Single by Benny Hill
- Released: 1963
- Length: 2:22
- Label: Pye
- Songwriter(s): Benny Hill, Tony Hatch

Benny Hill singles chronology
| "Transistor Radio" (1961) | "Harvest of Love" (1963) | "Ernie (The Fastest Milkman in the West)" (1971) |

= Harvest of Love =

"The Harvest Of Love" is a short comedy song, co-written and originally performed by Benny Hill, released on Pye Records (7N.15520). The other writer was shown as "M. Anthony", a pseudonym for the producer, Tony Hatch. The song was a #20 hit in the UK Singles Chart in 1963, and has appeared on several compilation albums as well as being covered by the Wurzels. The Benny Hill version was flipped with another Hill composition, "BAMba 3688". The record also saw a U.S. release on Rust (5079).

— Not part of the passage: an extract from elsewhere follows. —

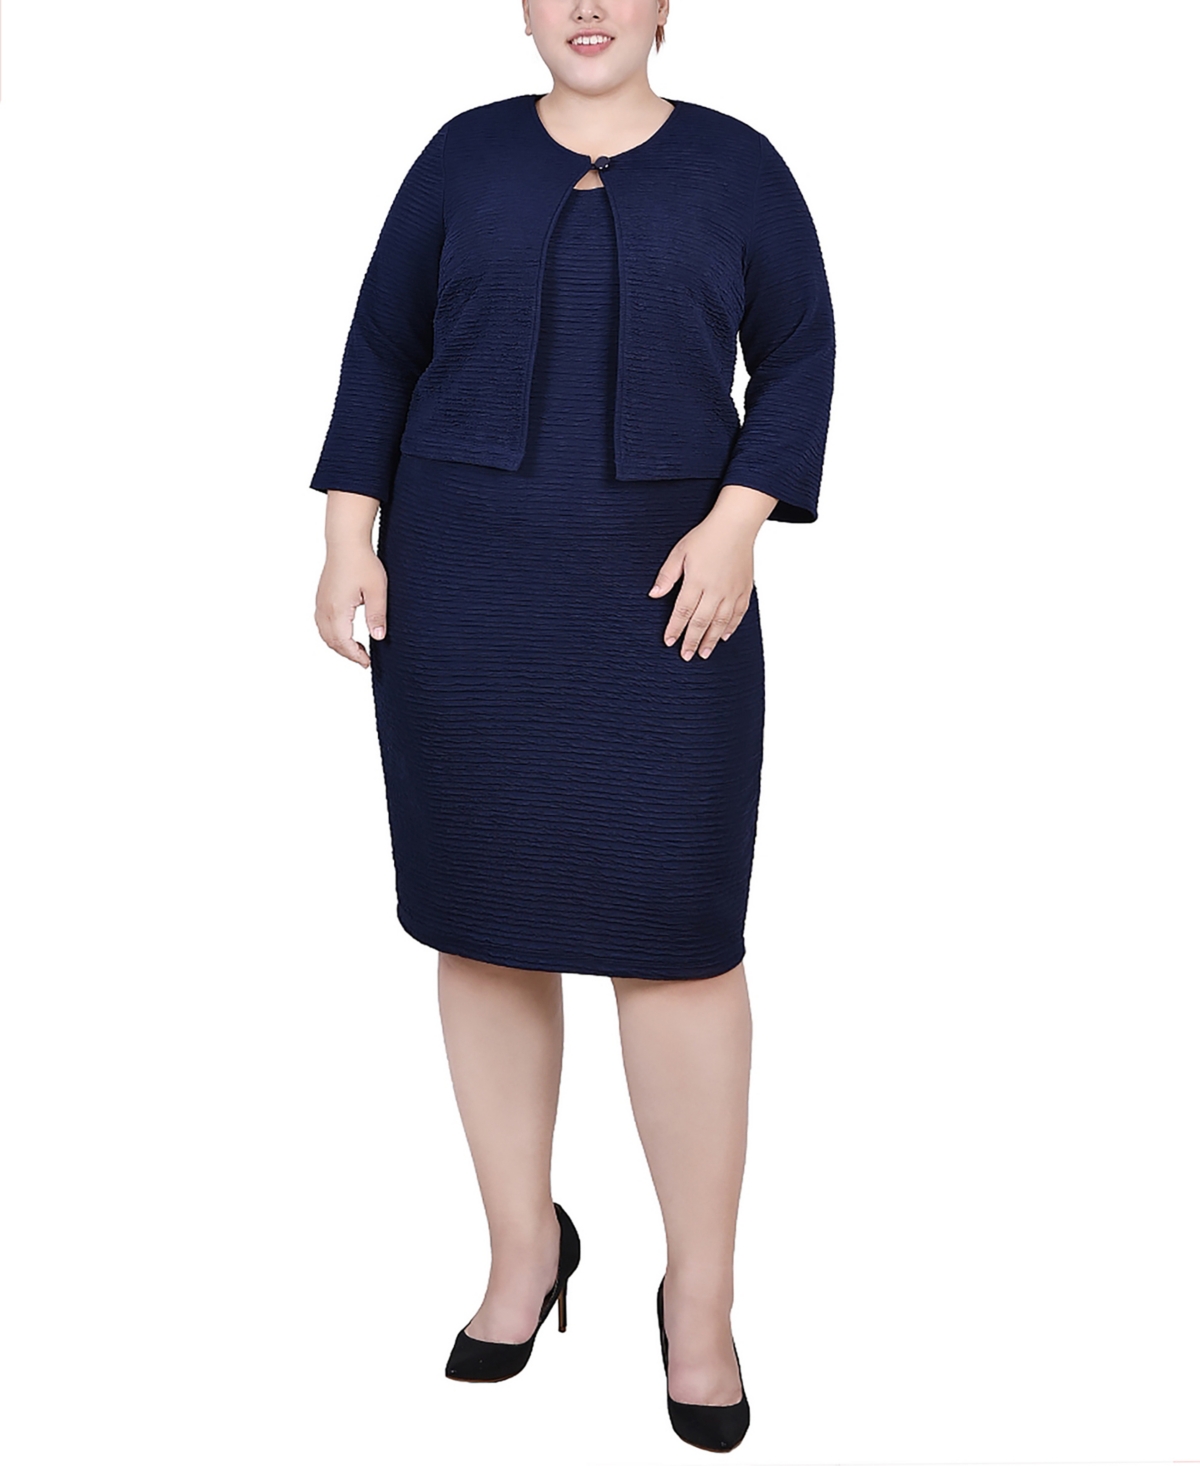 Ny Collection Plus Size Novelty Knit And Lace Dress, 2 Piece Set In Navy

The song is sung from the point of view of a farmhand who has fallen in love (or at least, lust) with a young lady. Hill's vocals were accompanied by the Kestrels, who instead of singing, provided a vocal back-up of farmyard impressions. The accompaniment was directed by Hatch. The Kestrels at that time were Roger Greenaway, Tony Burrows, Jeff Williams, and Roger Gullane.

The lyrics included such lines as:
"And as the horse and I plough the field nearby,
Your memory I can't erase,
For while I walk at the rear of the horse, my dear,
I seem to see your face."
At the end of the song it turns out that the narrator is already married.

In September 2013, the original pressing of the single was found in private storage and sold for £10 at auction on the ITV daytime series Storage Hoarders.